EXERCISE BRIEF –
Transcribe all the data below exactly, leaving its pictures out.

DATA EXTRACT –
=== Section Start ===

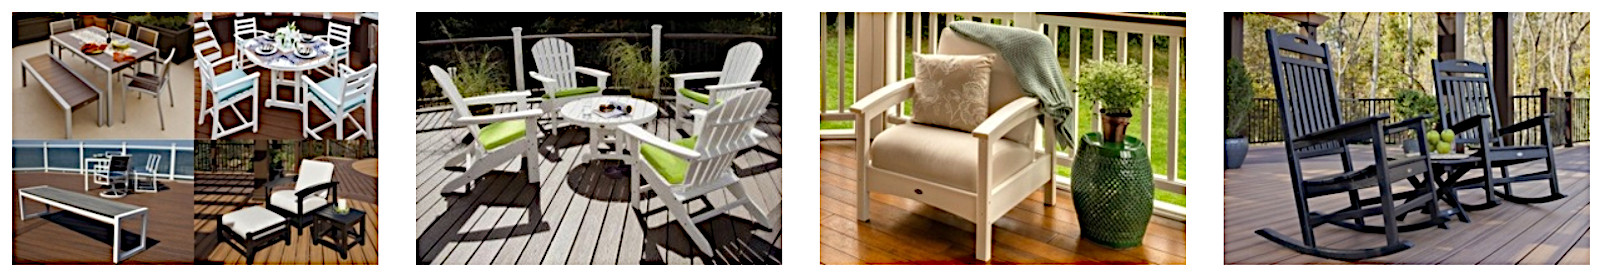 Trex outdoor furniture discount rate
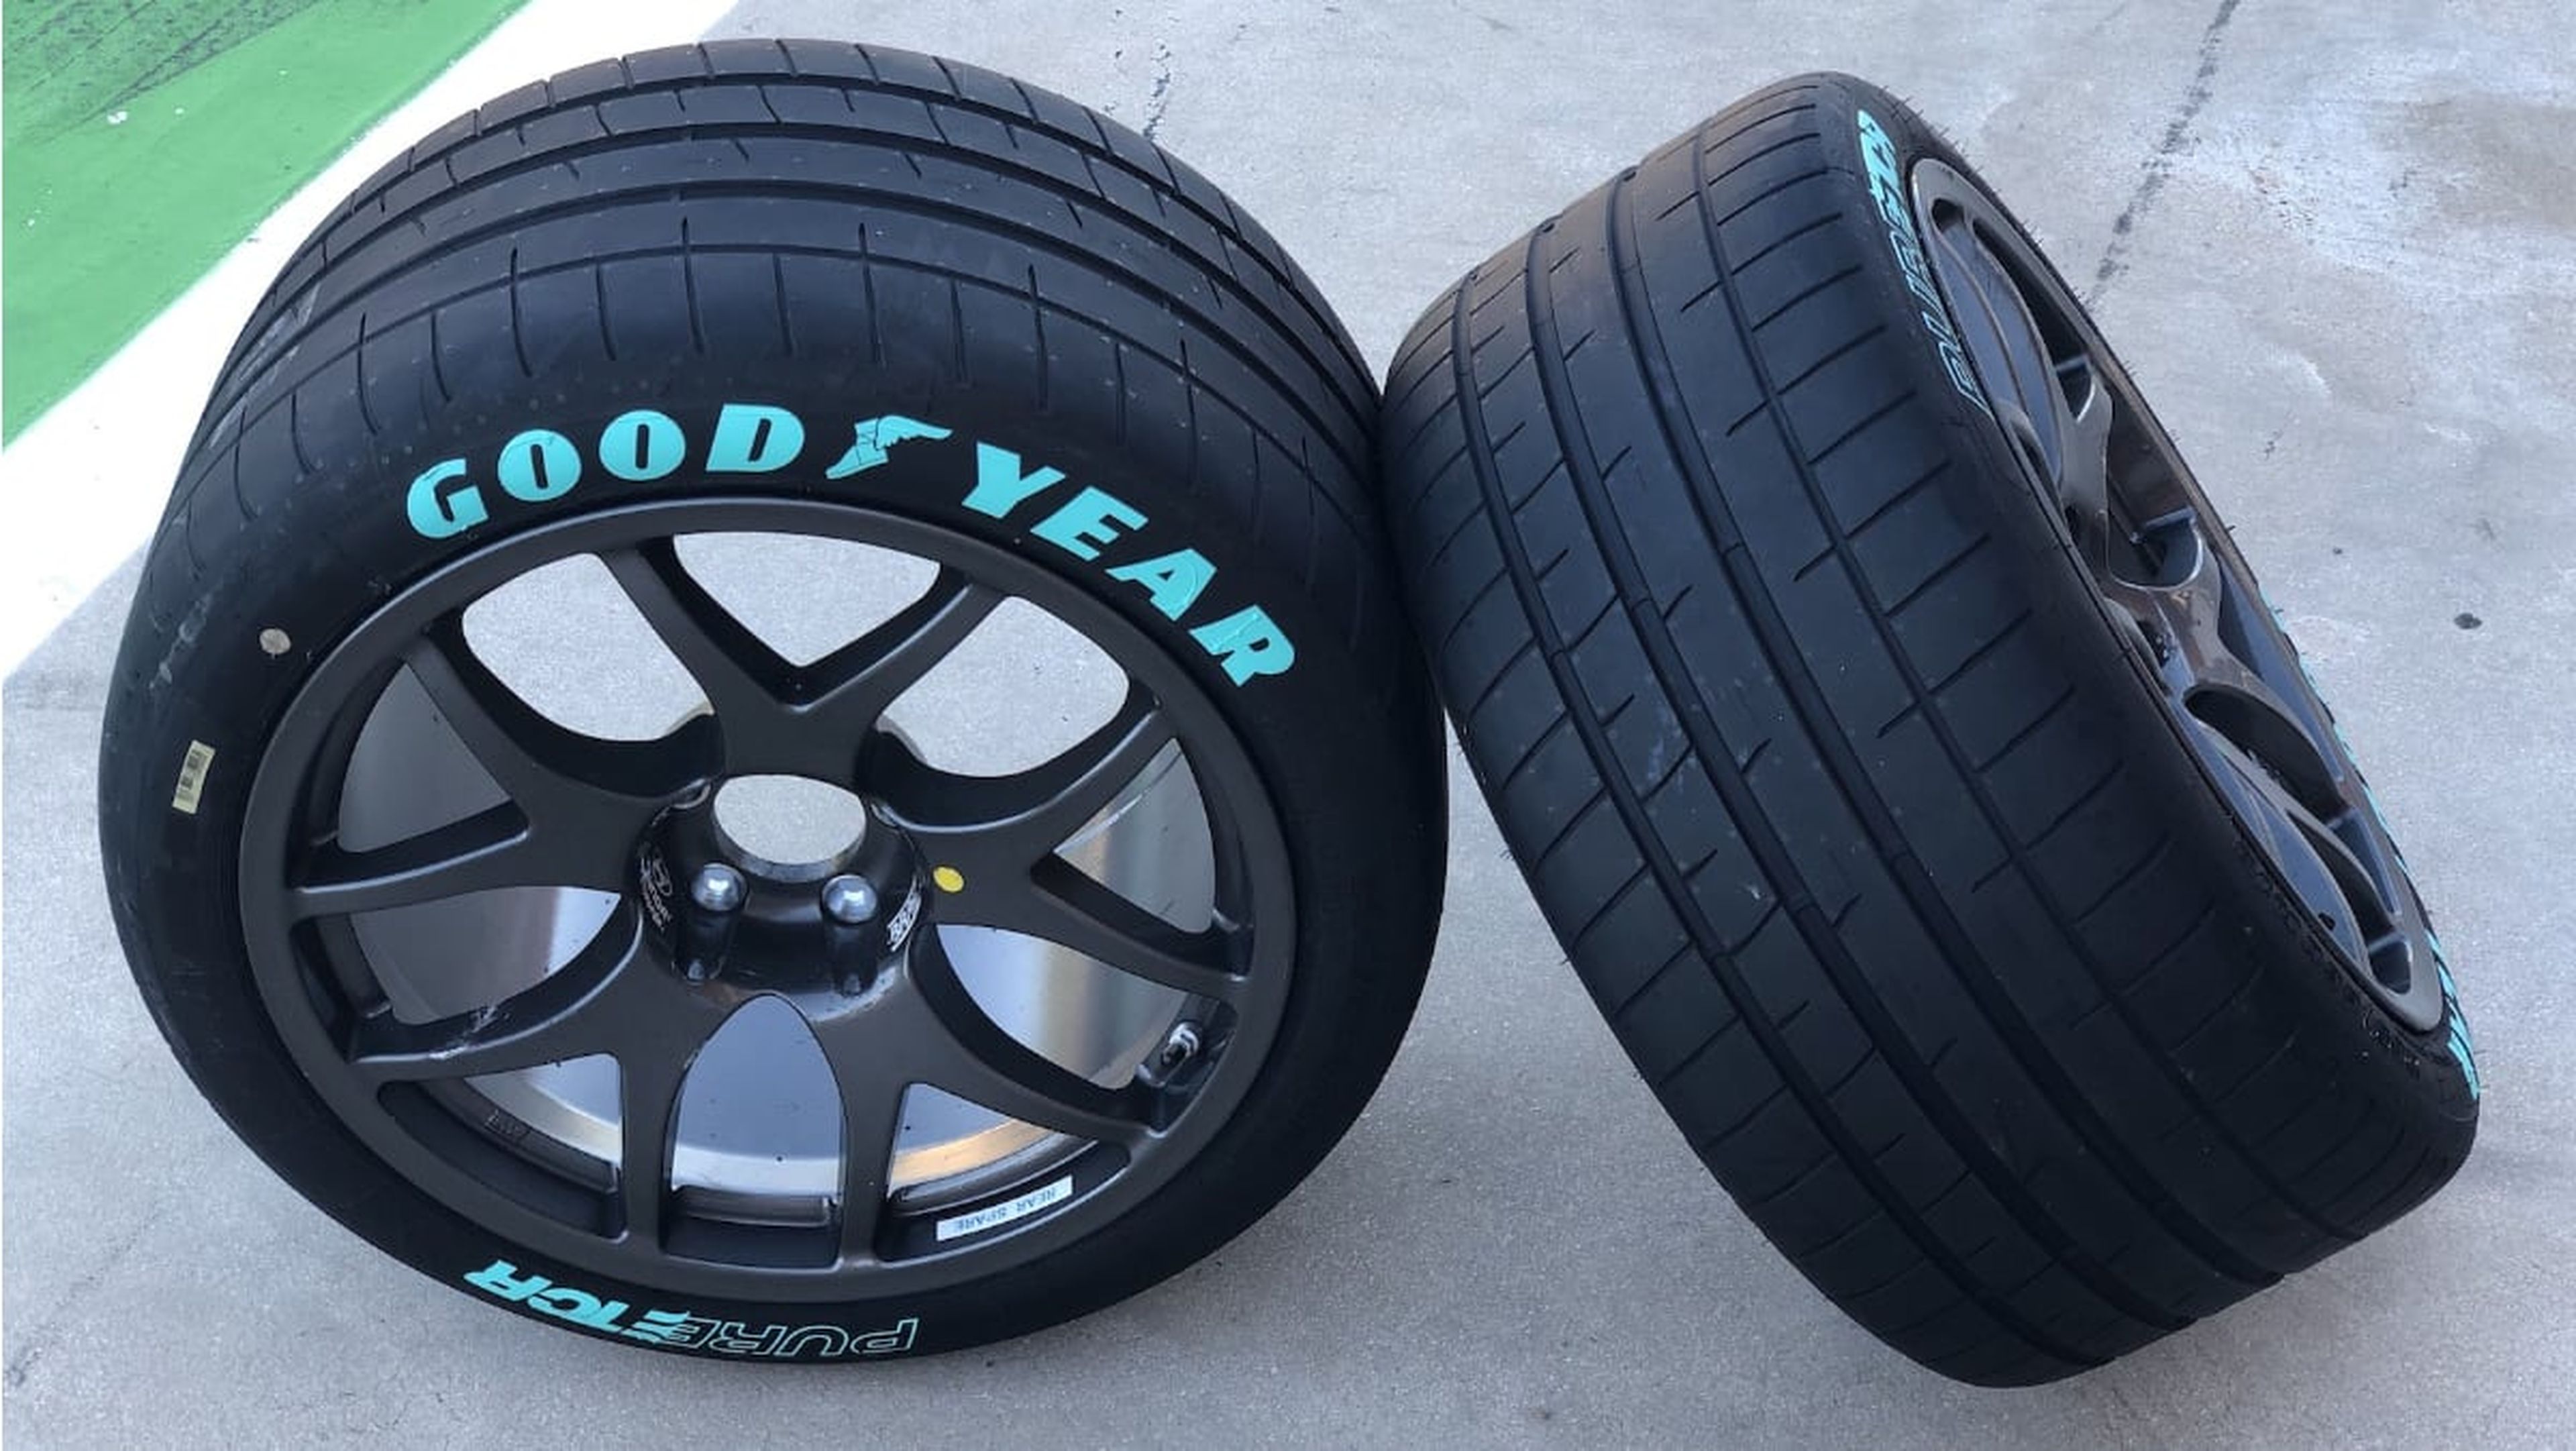 Goodyear suministrará los neumáticos del ETCR
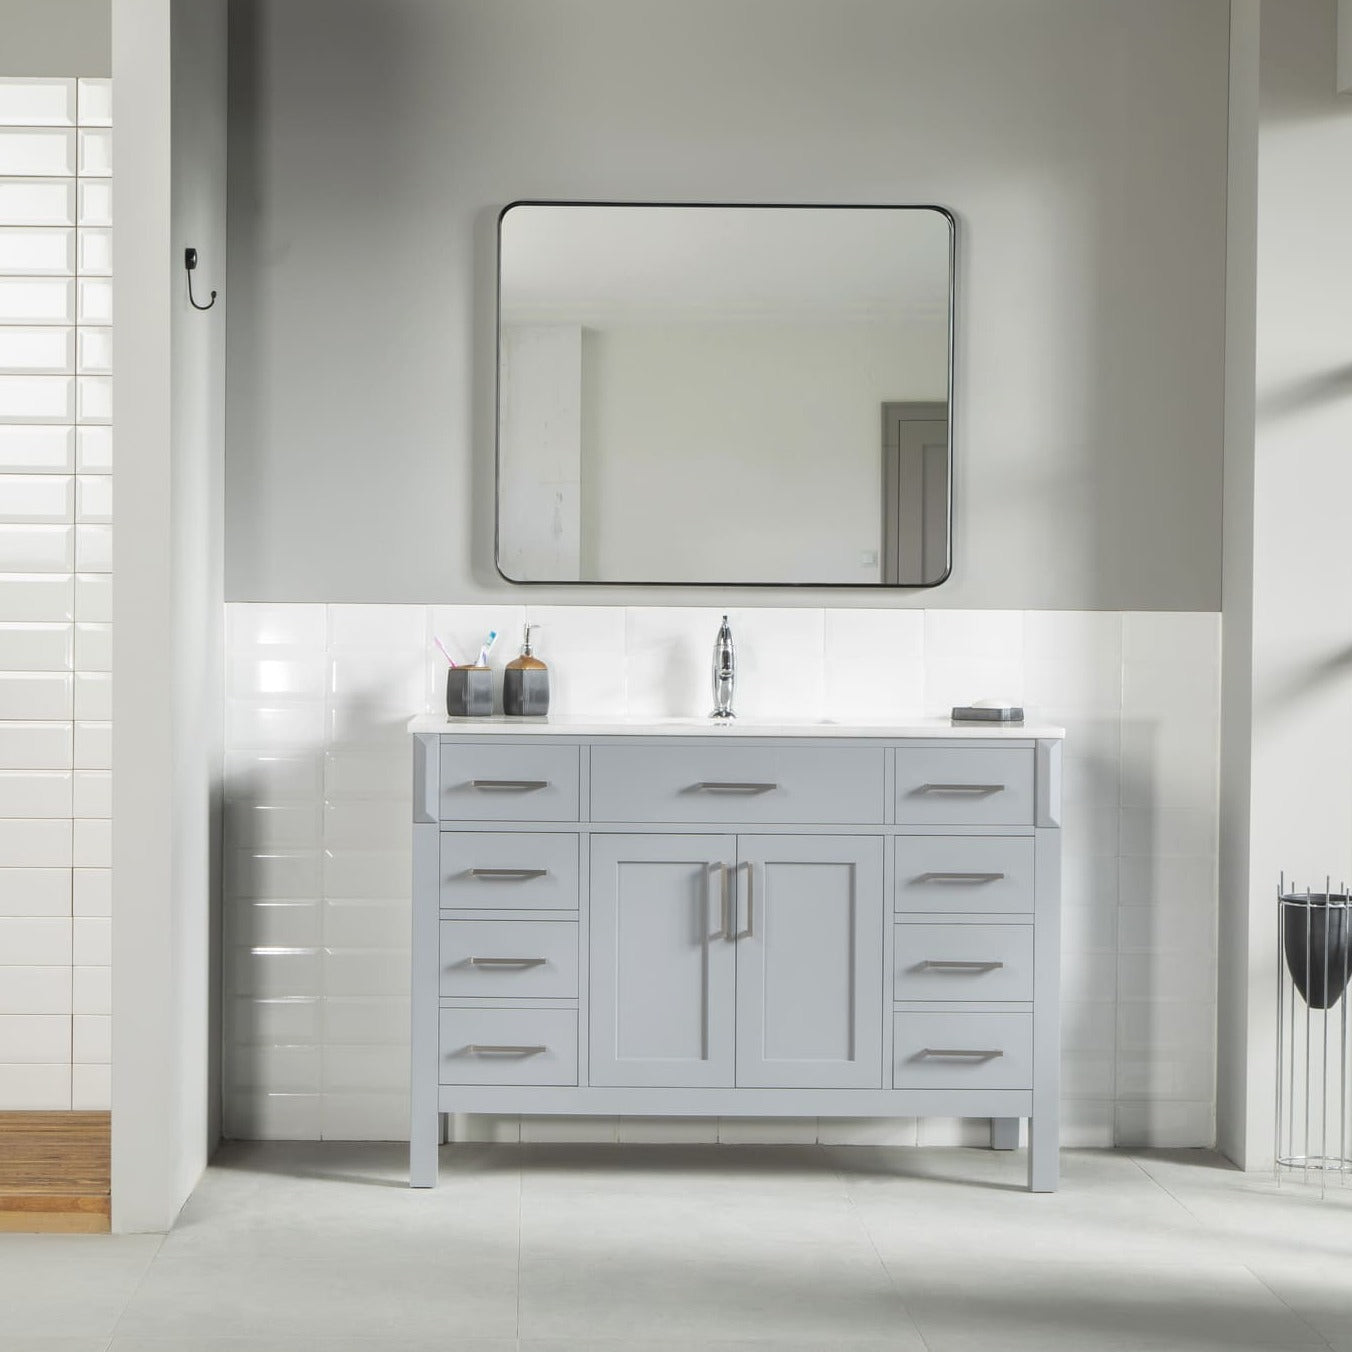 Fawna Bathroom Vanity Homelero 48"  #size_48"  #color_grey  #hardware_brushed nickel
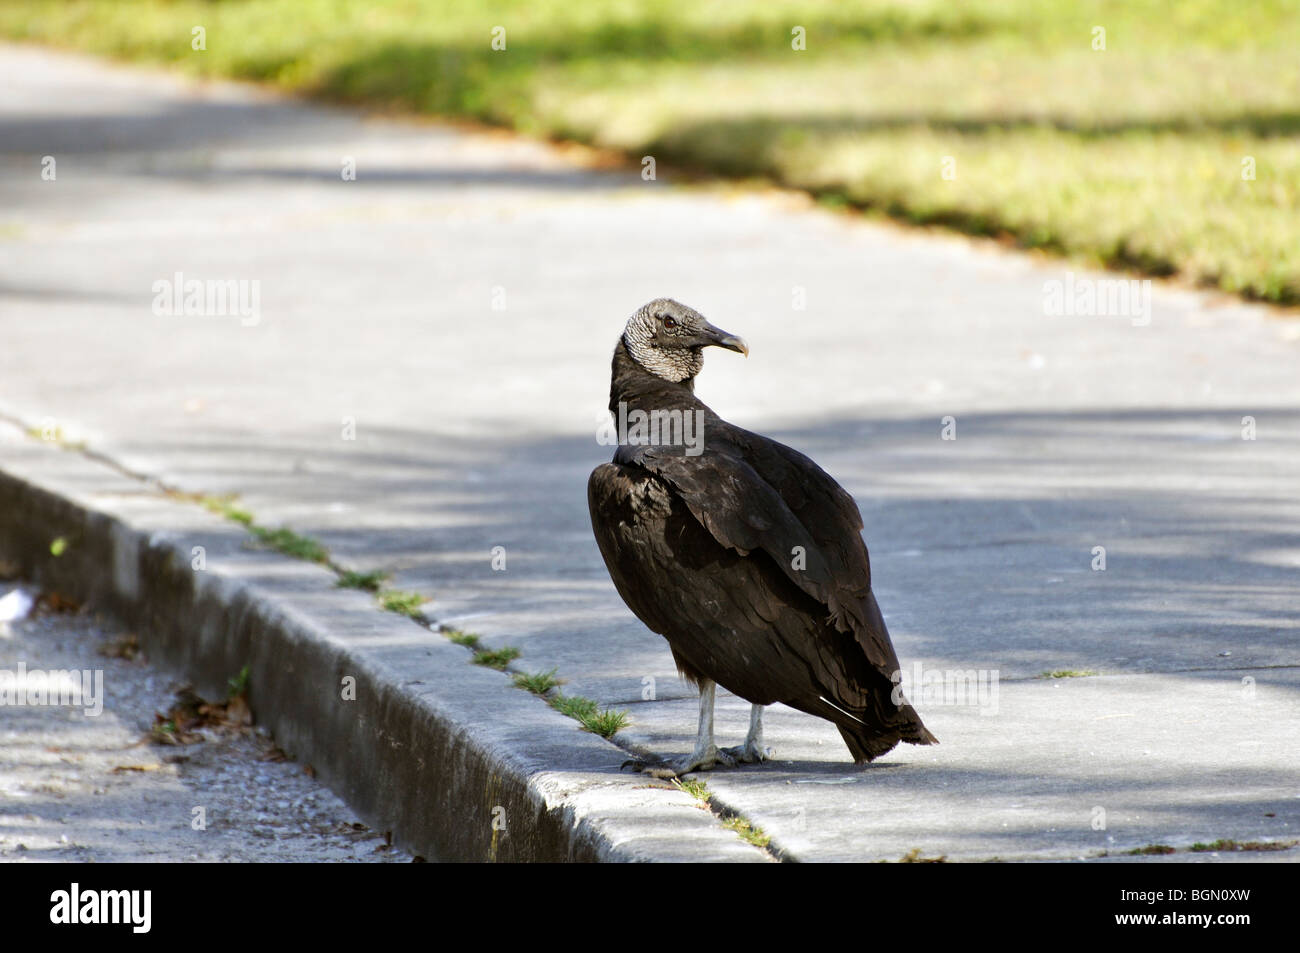 Black vulture at Everglades national park, Florida, USA Stock Photo

=== Section End ===

ANSWER TO THIS PROBLEM –
 Trex outdoor furniture discount rate
 Goodyear suministrará los neumáticos del ETCR
 Fawna Bathroom Vanity Homelero 48"  #size_48"  #color_grey  #hardware_brushed nickel
 Black vulture at Everglades national park, Florida, USA Stock Photo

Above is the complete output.